- Born: Noor Xarmina Khattak 1995 (age 30–31) Islamabad, Pakistan
- Education: Imperial College London
- Alma mater: London Business School
- Occupations: Model; Actress; Consultant;
- Beauty pageant titleholder
- Title: Miss Universe Pakistan 2024;
- Years active: 2023 - present
- Major competitions: Miss Universe Pakistan 2024; (Winner); Miss Universe 2024; (Unplaced);

= Noor Xarmina =

Pakistani model and beauty pageant titleholder (born 1995)

Noor Xarmina (born 1995) is a Pakistani actress, model, and beauty pageant titleholder who was crowned Miss Universe Pakistan 2024. She represented Pakistan at the Miss Universe 2024 pageant.

== Early life and education ==
Noor Xarmina was born in Islamabad, Pakistan. Due to her parents' diplomatic careers, she spent her formative years growing up in nine different countries across four continents, including the United States, South Africa, Romania, the UAE, Singapore, Canada, the UK, Portugal, and Pakistan.

She pursued higher education in London, earning a Bachelor of Science (B.S.) in Biological Sciences from Imperial College London and a Master of Science (M.S.) in Management from London Business School.

== Career ==
=== Finance and consulting ===
Before transitioning to the entertainment industry, Xarmina had a successful career in finance. She worked as a strategy consultant for KPMG in the UAE and as a visiting consultant for Salesforce. She then moved into venture capital, holding positions as an investment analyst and associate for several London-based firms, including Nauta Capital, Frog Capital, Downing Ventures, and Foresight Group. She also served as a member of the board of directors for Rated People for a year.

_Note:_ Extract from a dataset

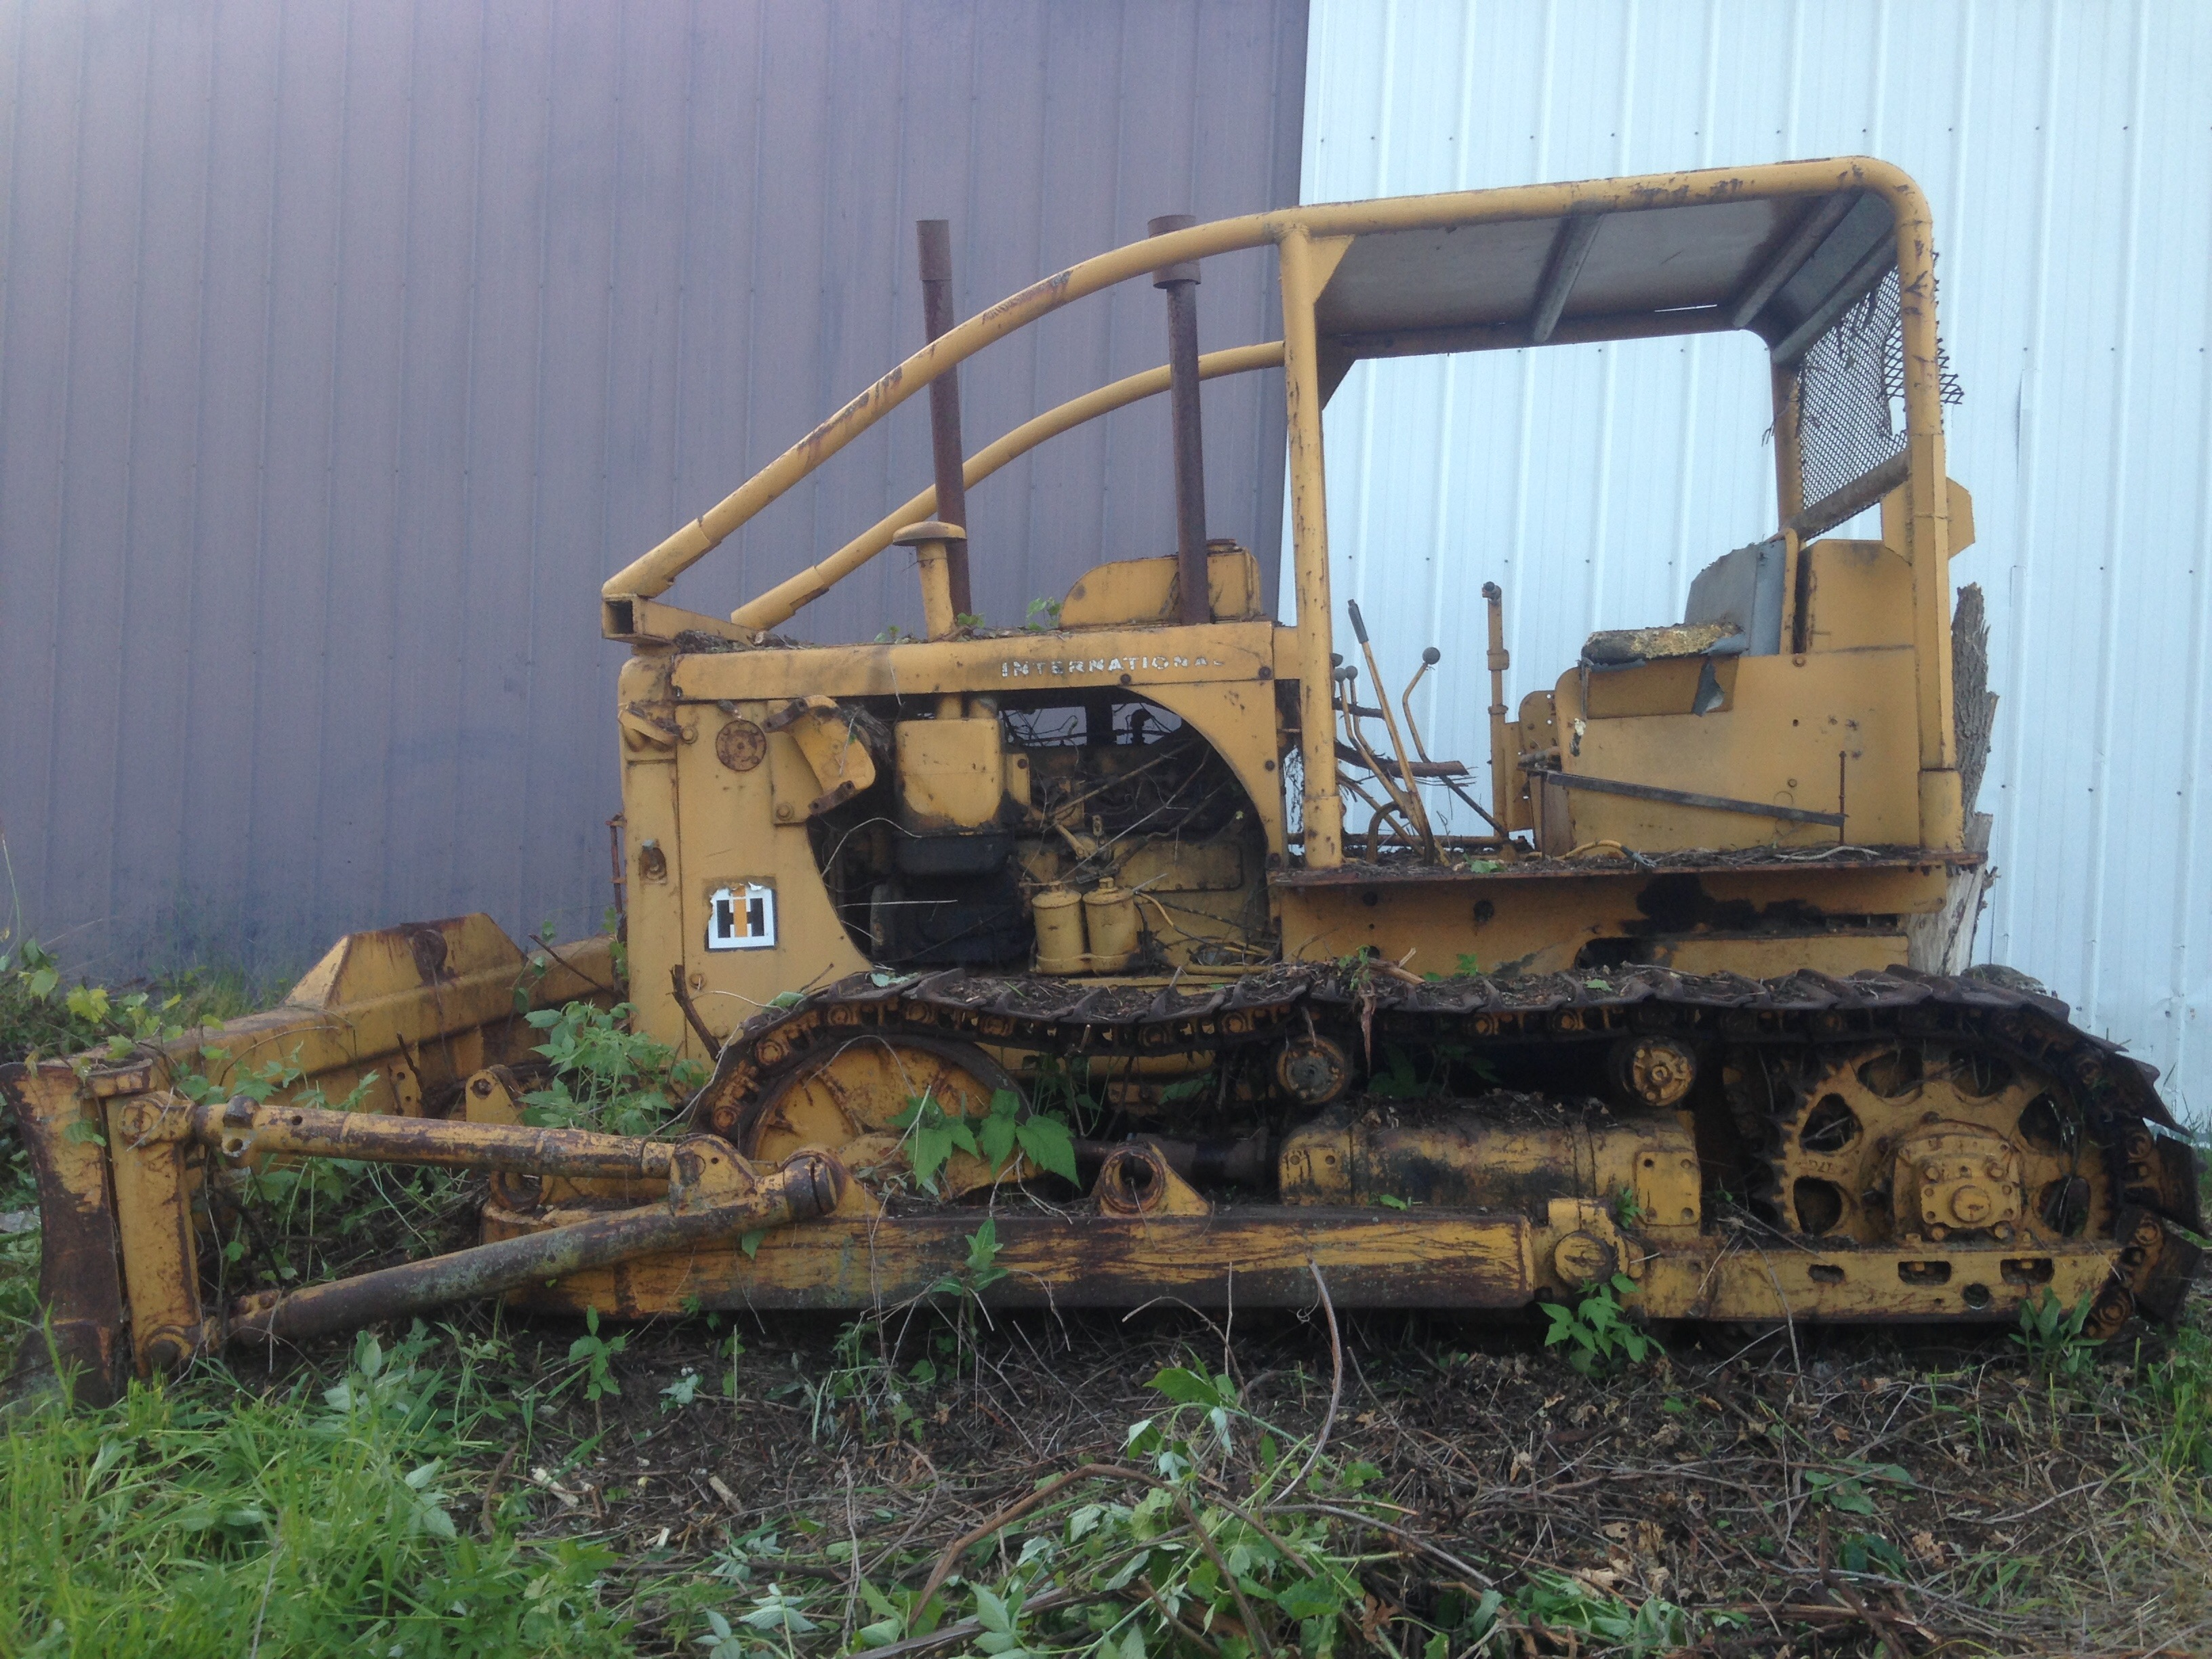 TD-15 dozer for sale for restore or parts - IH Construction

=== Acting and modeling ===
At the age of 28, Xarmina left her venture capital job to attend drama school in London to pursue her long-held ambition of becoming an actress. After completing her studies, she moved back to Pakistan in November 2023 to model and act full-time, working with various leading brands in Karachi and Lahore.

=== Pageantry ===
In July 2024, Xarmina was crowned Miss Universe Pakistan 2024, triumphing over 21 other candidates in a competition held in the Maldives by the Dubai-based Yugen Group. She represented Pakistan at the 73rd Miss Universe pageant in Mexico in November 2024. Her participation has been described as a groundbreaking moment for the country, aimed at challenging stereotypes and presenting a modern image of Pakistani women globally.

== Miss Universe ==
=== Miss Universe Pakistan 2024 ===

Xarmina was crowned Miss Universe Pakistan 2024, triumphing over 21 other candidates in a competition held in the Maldives by the Dubai-based Yugen Group.

=== Miss Universe 2024 ===

She represented Pakistan at the 73rd Miss Universe pageant in Mexico in November 2024.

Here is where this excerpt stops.